Quanto ao primeiro desses aspectos, o segredo de justiça, destacamos negativamente a profunda alteração de paradigma que se opera com esta revisão. O segredo de justiça deixa de ser uma regra primacialmente ao serviço da eficácia da investigação para passar a ser um instrumento ao dispor dos sujeitos processuais. A regra da publicidade do processo passa a abranger todas as fases processuais, apenas se admitindo a excepção de manutenção do segredo na fase de inquérito, e já não na fase de instrução. O papel do Ministério Público sofre uma profunda alteração, passando a sua intervenção neste âmbito a estar sujeita à validação judicial ou as suas decisões sujeitas a recurso para o juiz de instrução que decide por despacho irrecorrível.

De destacar é ainda o facto de passarem a estar vinculados ao segredo de justiça todos quantos tenham tomado conhecimento de elementos pertencentes ao processo sem que com ele tenham tido contacto (n.º 8 do artigo 86.º).

Para o PCP, estas alterações não salvaguardam devidamente a investigação e procuram dar resposta ao problema das mediáticas violações do segredo de justiça publicamente divulgadas, não atacando a origem do problema.

Por um lado, tendo em conta a natureza da fase de instrução e a possibilidade de realização de investigações e outras diligências nesta fase processual, não podemos concordar com a impossibilidade de aí se sujeitar o processo ao segredo de justiça. Só sujeitando nessa fase o processo ao regime do segredo se poderá salvaguardar devidamente a eficácia da investigação e a prova recolhida, pelo que a alteração agora concretizada se poderá vir a traduzir num prejuízo para a acção penal.

Por outro lado, os moldes em que a intervenção do Ministério Público é definida não são compatíveis com a função de dirigir o processo que lhe é acometida na fase de inquérito.

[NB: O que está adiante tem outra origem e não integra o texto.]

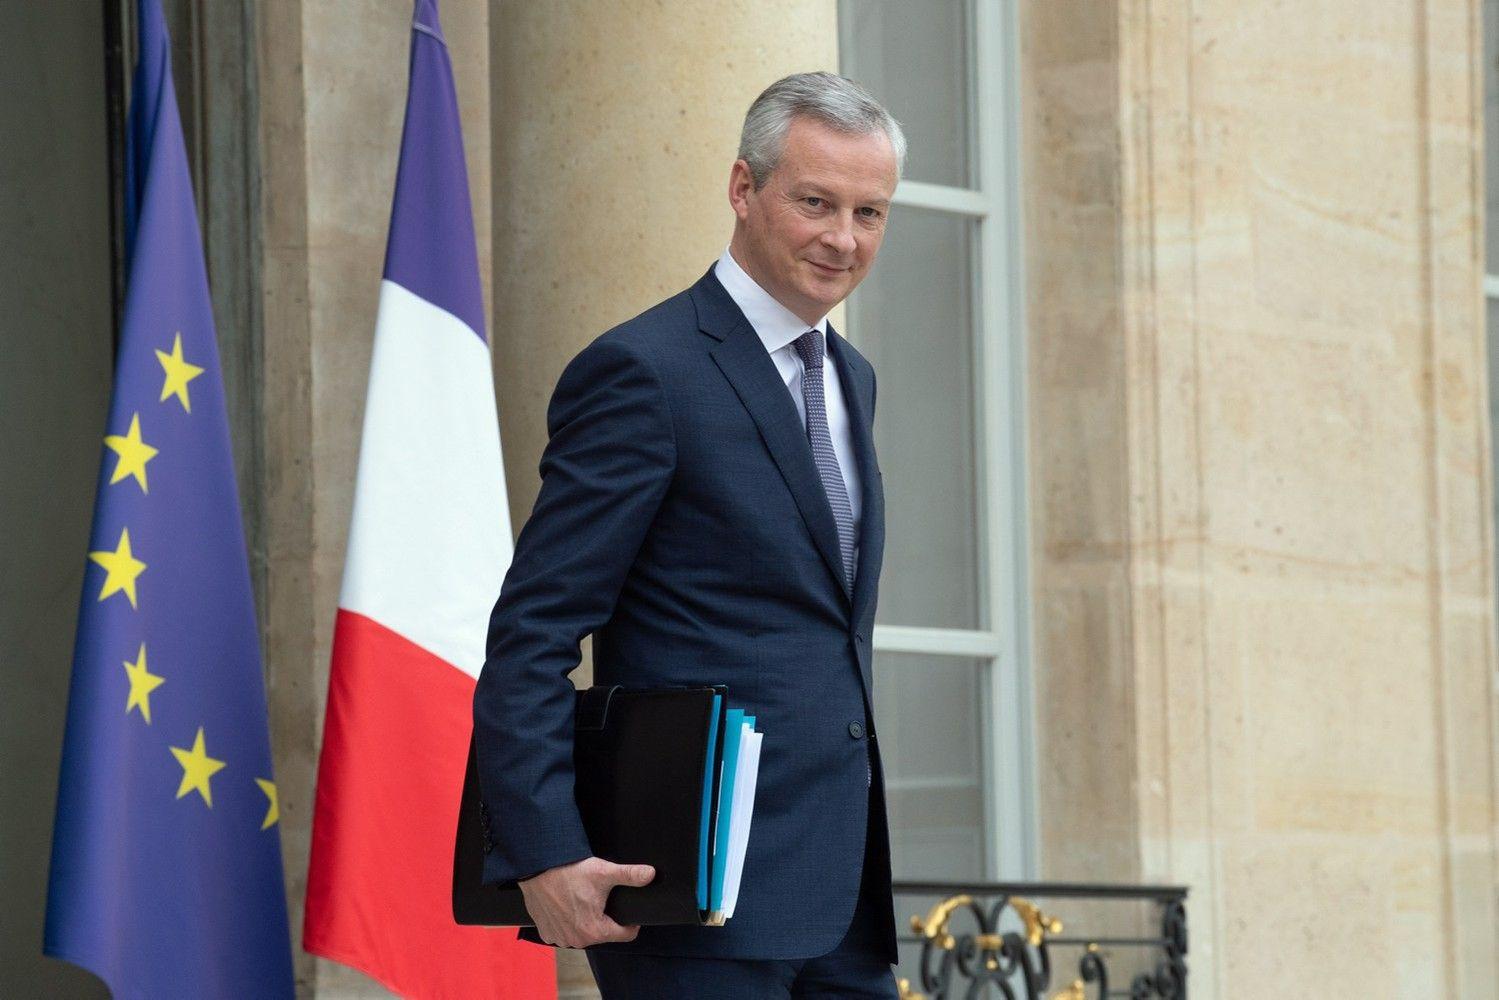 Prancūzija nebelauks ES sprendimo, kitąmet apmokestins JAV milžines

A intervenção judicial neste novo regime do segredo de justiça é desproporcionada e excessiva, sendo o juiz de instrução chamado a desempenhar um papel de tutela sobre o Ministério Público.

Já a norma do novo n.º 8 do artigo 86.º, que parece ter como destinatários os jornalistas, vincula ao segredo de justiça quem não tenha tido contacto com o processo. Esta norma, que resulta de uma pequena alteração ao actual n.º 4, não dá resposta ao problema da violação do dever de segredo, procurando sim impedir a divulgação da informação obtida por essa via. Para o PCP, esta é uma alteração profundamente errada na medida em que não ataca o verdadeiro problema da violação do segredo de justiça e os prejuízos que daí resultam para a eficácia da acção penal, não contribui para evitar a violação desse dever de segredo e denuncia uma preocupação apenas com a divulgação pública dessa informação e não com a protecção do processo e da investigação.

Quanto à medida cautelar e de polícia de localização celular que agora é criada, ela levanta-nos fortes objecções por poder colidir com direitos fundamentais sem se garantir a necessária ponderação de interesses e a proporcionalidade da restrição desses direitos.

Esta nova medida cautelar e de polícia fica sujeita a um regime em que não se exige autorização judicial para a sua utilização pelos órgãos de polícia criminal num largo número de situações, apesar de implicar a intercepção de comunicações entre pessoas. Tendo em conta que estamos perante um direito, liberdade e garantia pessoal, protegido pelo n.º 4 do artigo 34.º da Constituição, não consideramos estarem verificadas as condições mínimas de protecção desse direito exigidas pela Lei Fundamental.